→ **Work task**:
Practice item. Set the material below down again exactly, with no pictures.

→ **Data segment**:
::::::

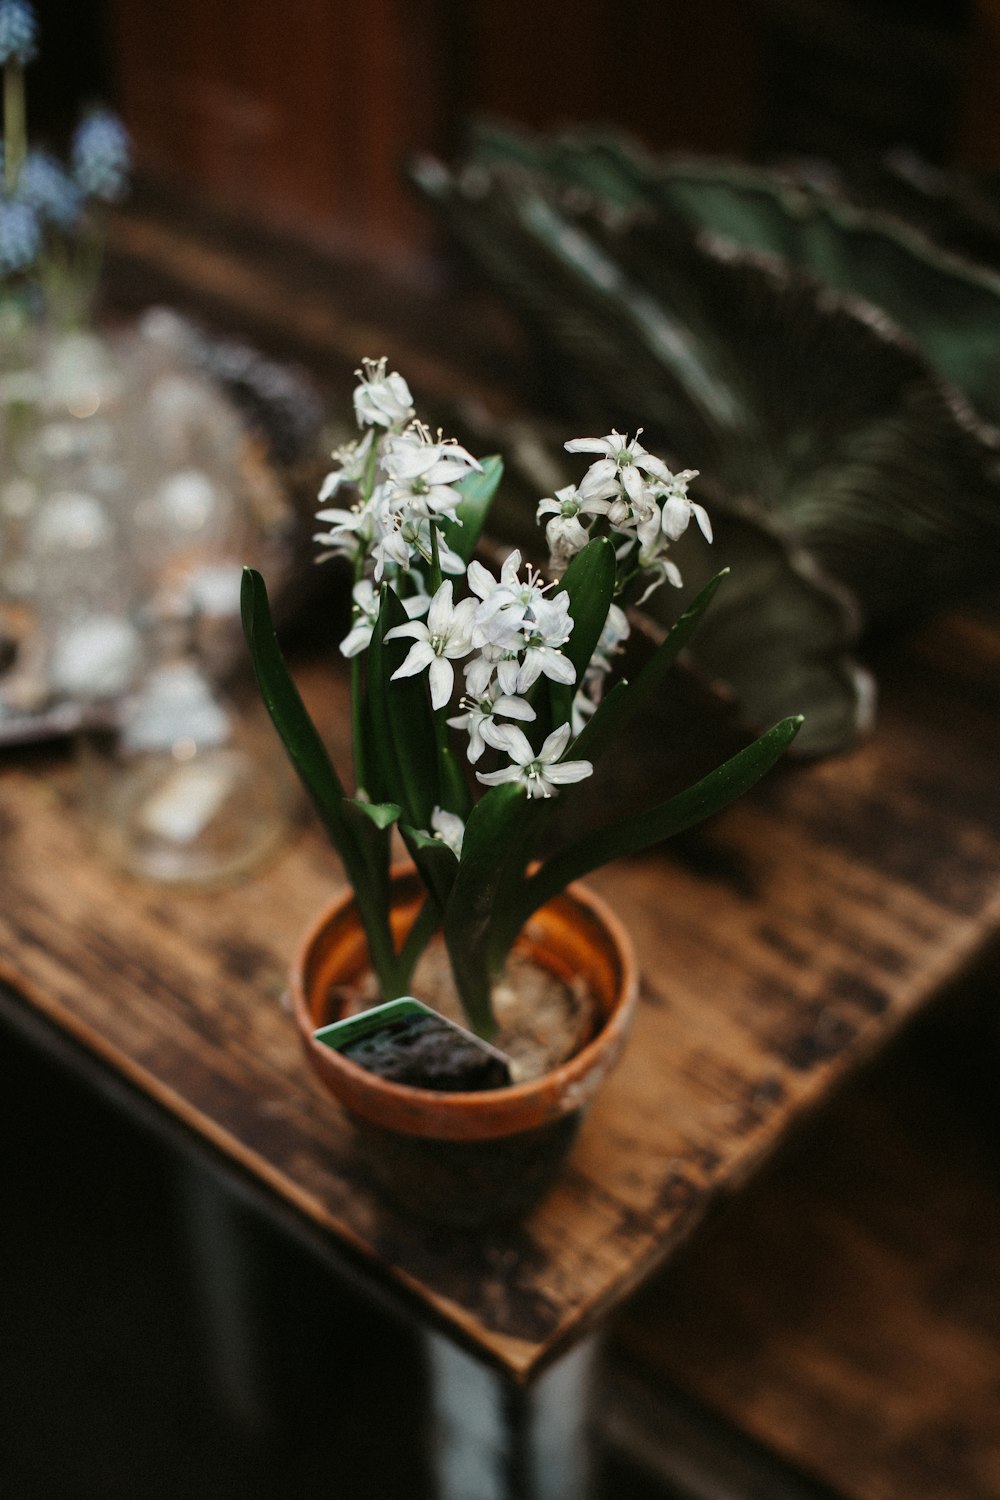 茶色の木製のテーブルに白い花
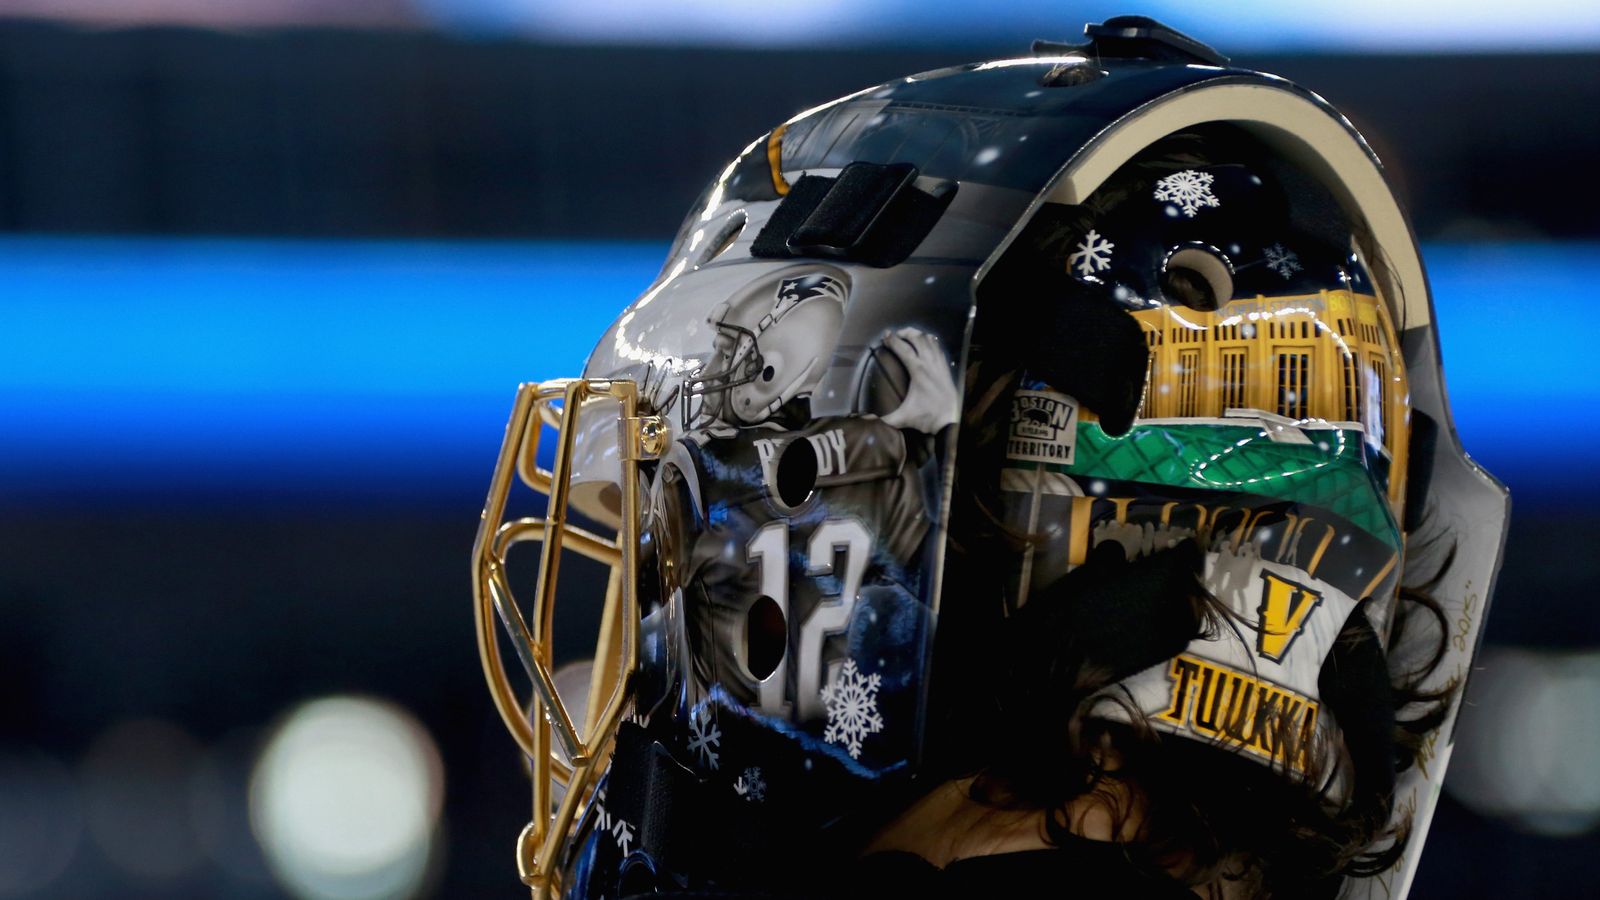 2019 NHL Winter Classic: Bruins' Tuukka Rask had custom helmet
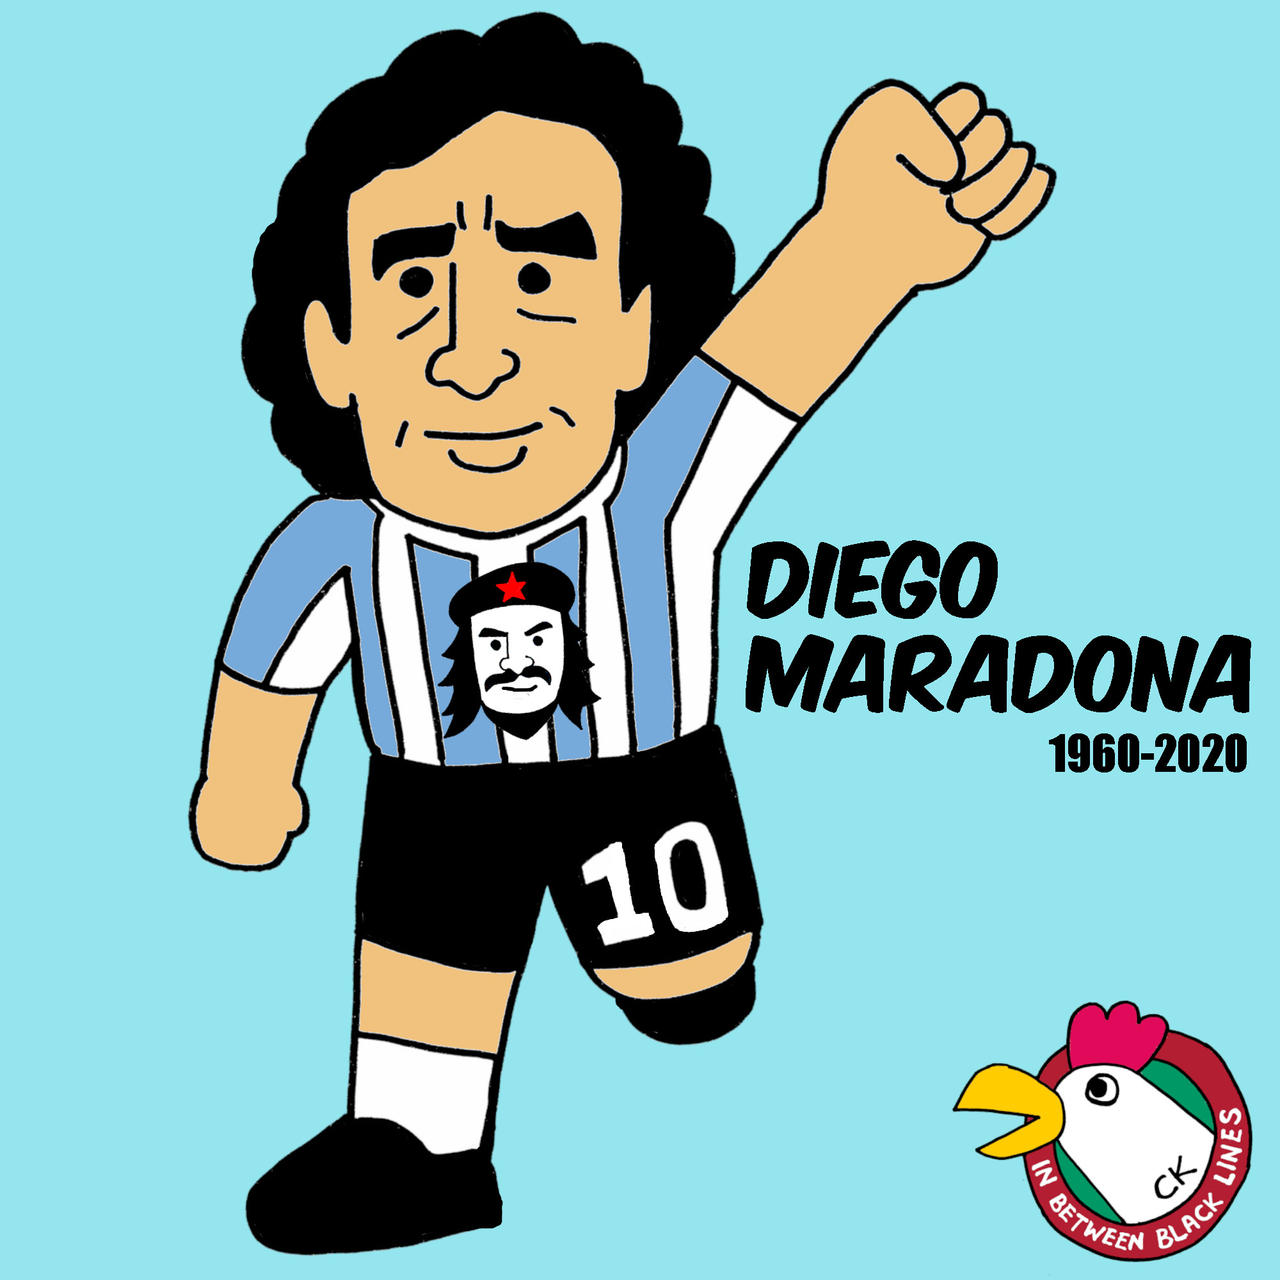 Diego Maradona (1960-2020)

::::::

→ **Exercise output**:
 茶色の木製のテーブルに白い花
 2019 NHL Winter Classic: Bruins' Tuukka Rask had custom helmet
 Diego Maradona (1960-2020)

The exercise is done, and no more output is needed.